'''

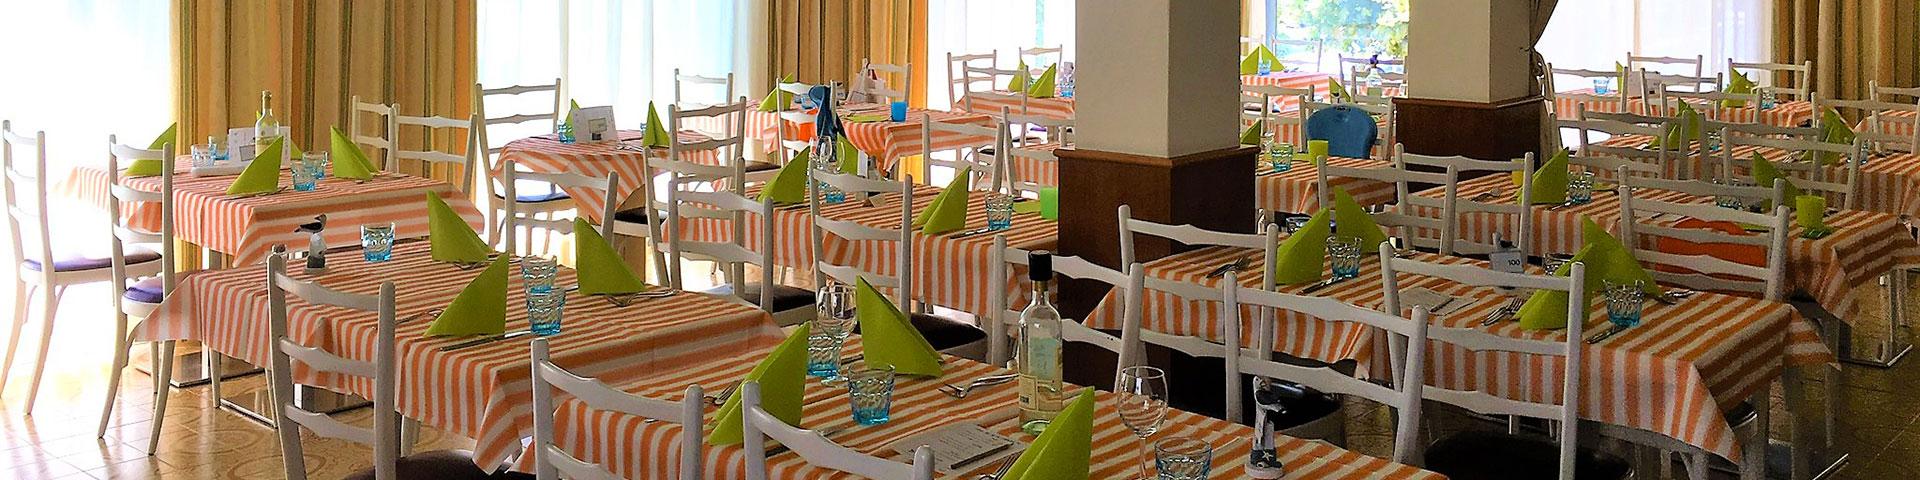 Cuisine | Hotel Daniel
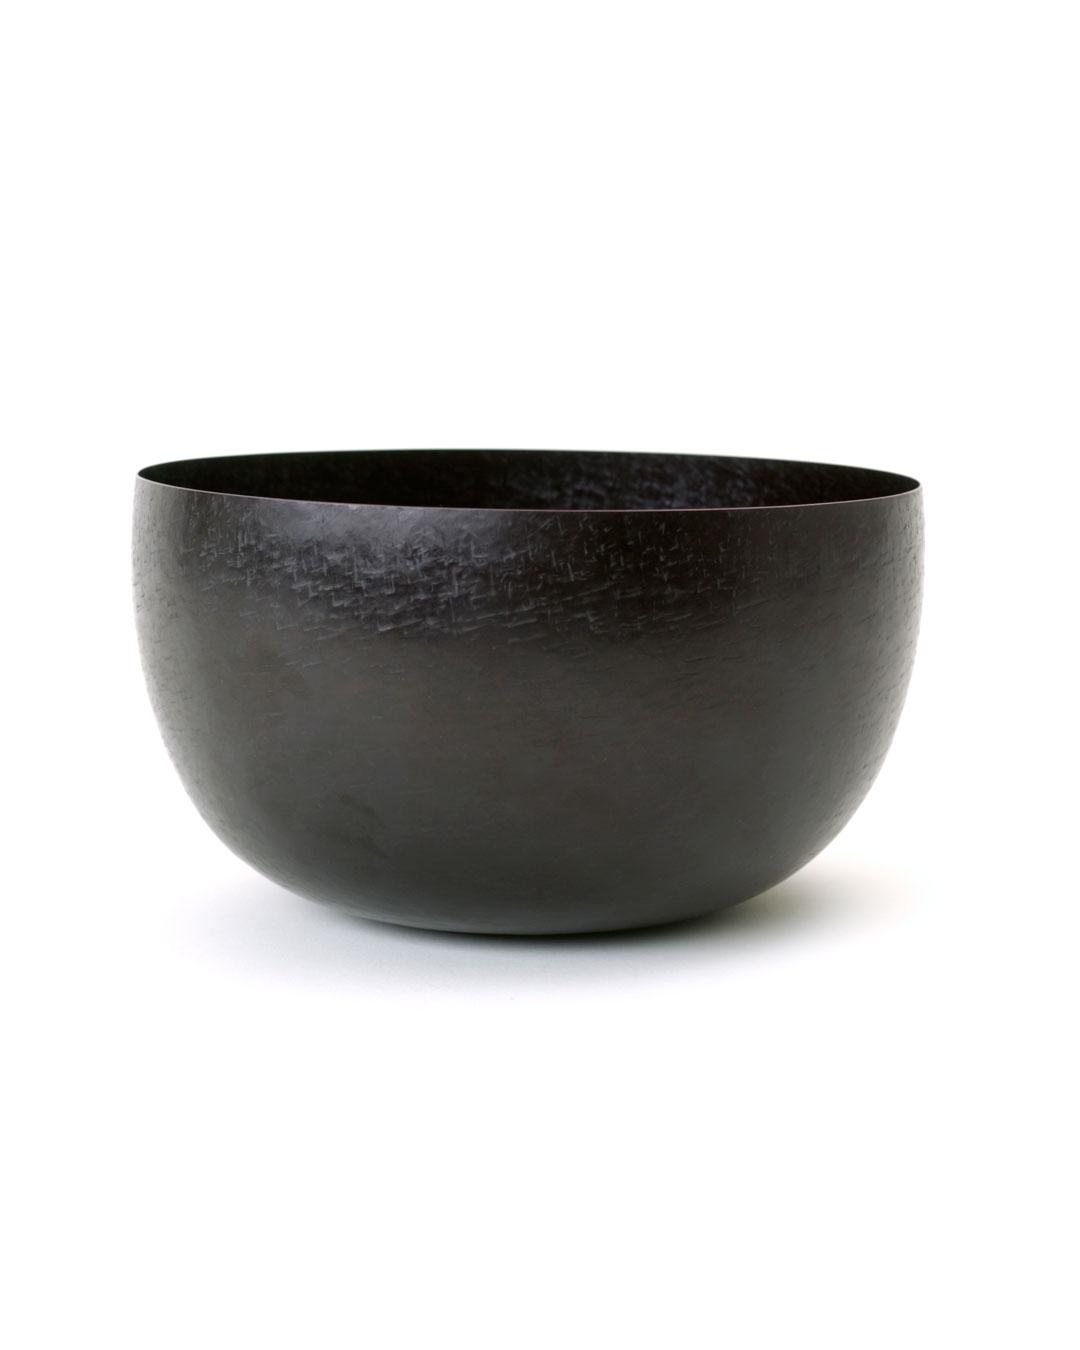 Tore Svensson, untitled, 2000, bowl; iron, partly gilt, 135 x ø 250 mm, €3500
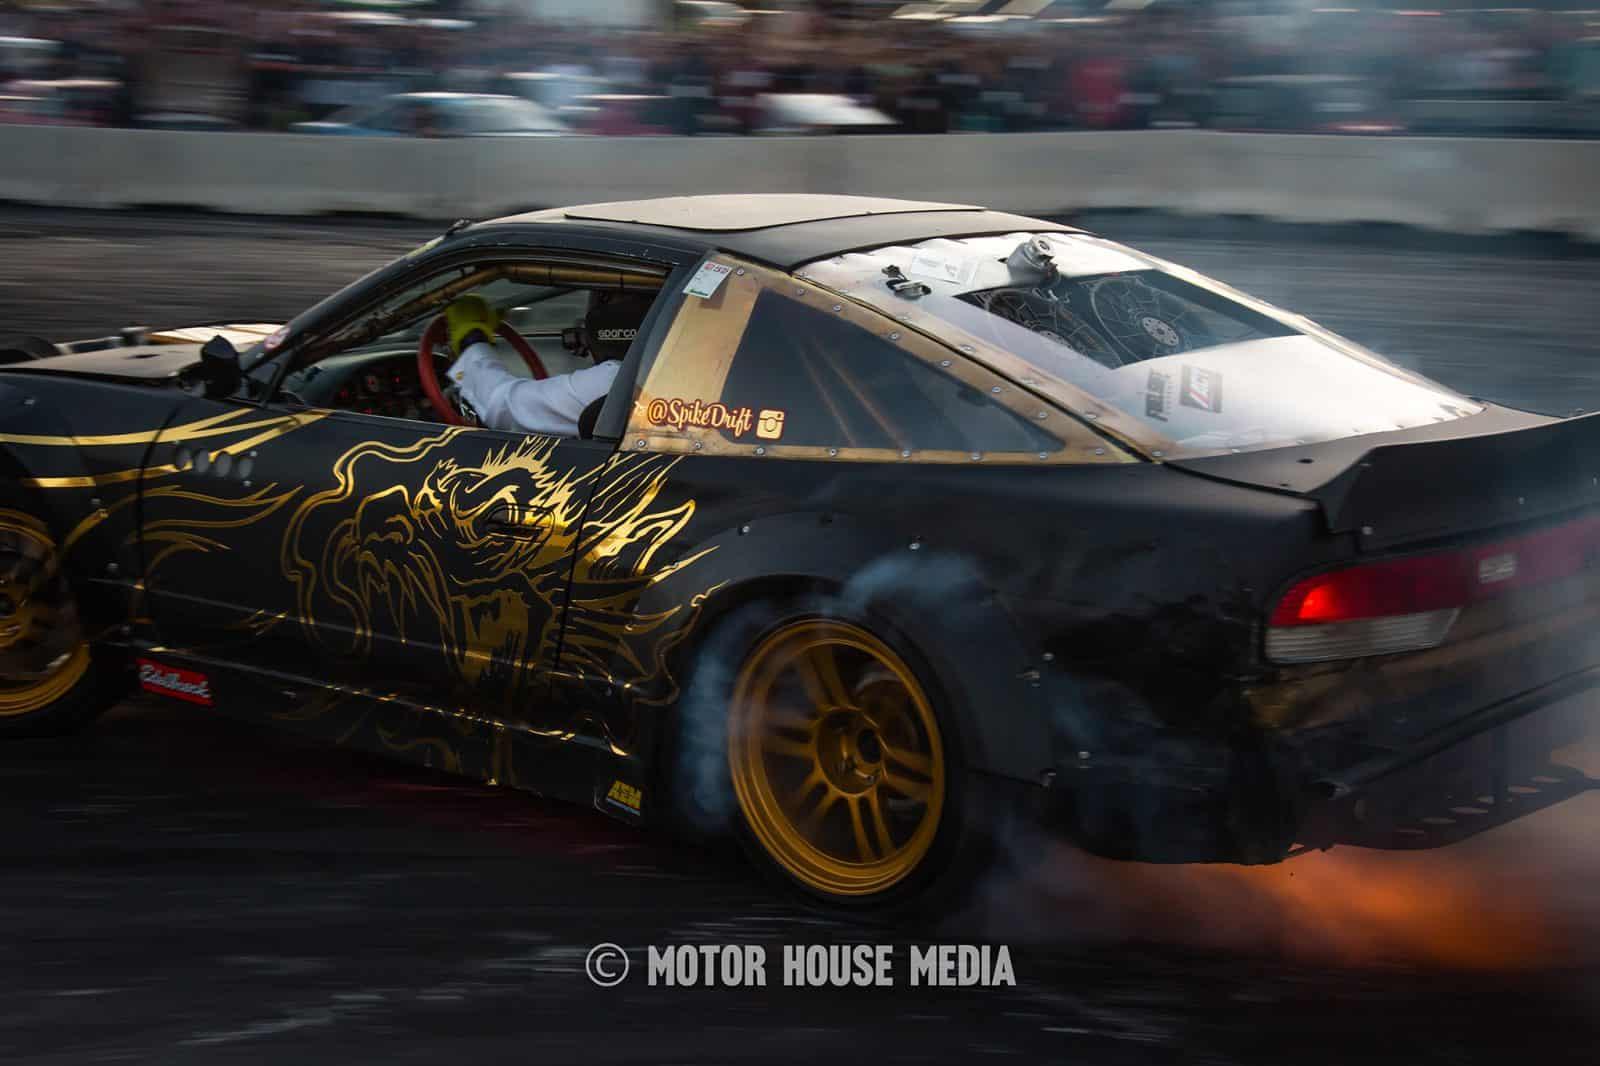 Spike Chen's loud Supra drifting at Hoonigan's Sema Burnyard
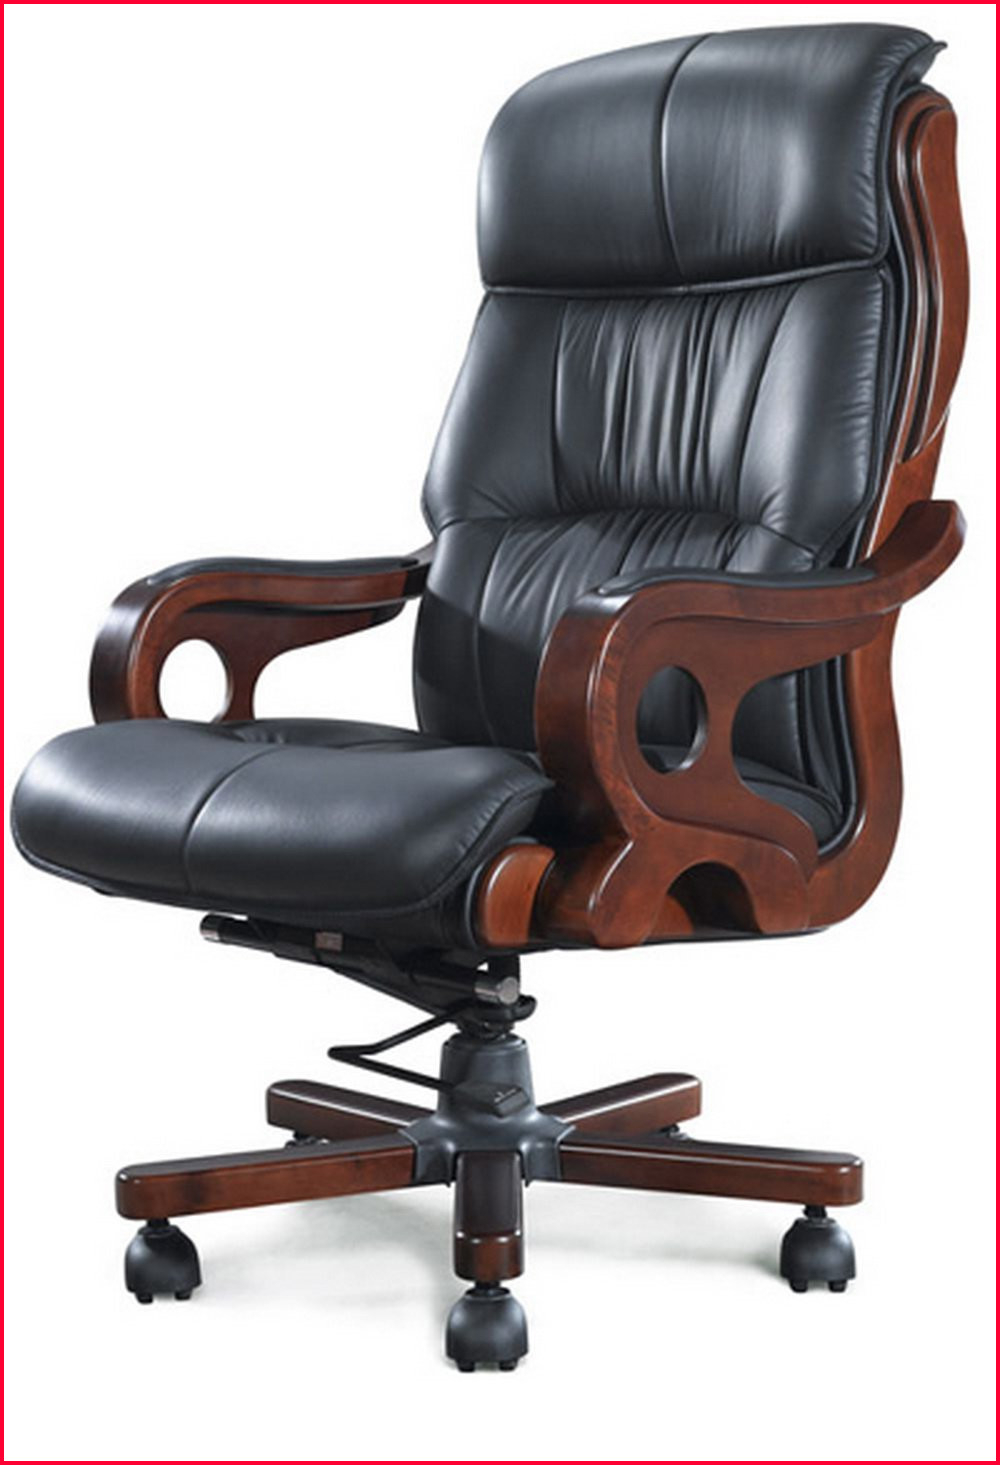 Sillas escritorio alcampo 3 cheap sillas alcampo sillas for Ofertas de sillas de oficina en carrefour

'''

Leave the pictures out, and print every line of the listing exactly as written.

 Cuisine | Hotel Daniel
 Tore Svensson, untitled, 2000, bowl; iron, partly gilt, 135 x ø 250 mm, €3500
 Spike Chen's loud Supra drifting at Hoonigan's Sema Burnyard
 Sillas escritorio alcampo 3 cheap sillas alcampo sillas for Ofertas de sillas de oficina en carrefour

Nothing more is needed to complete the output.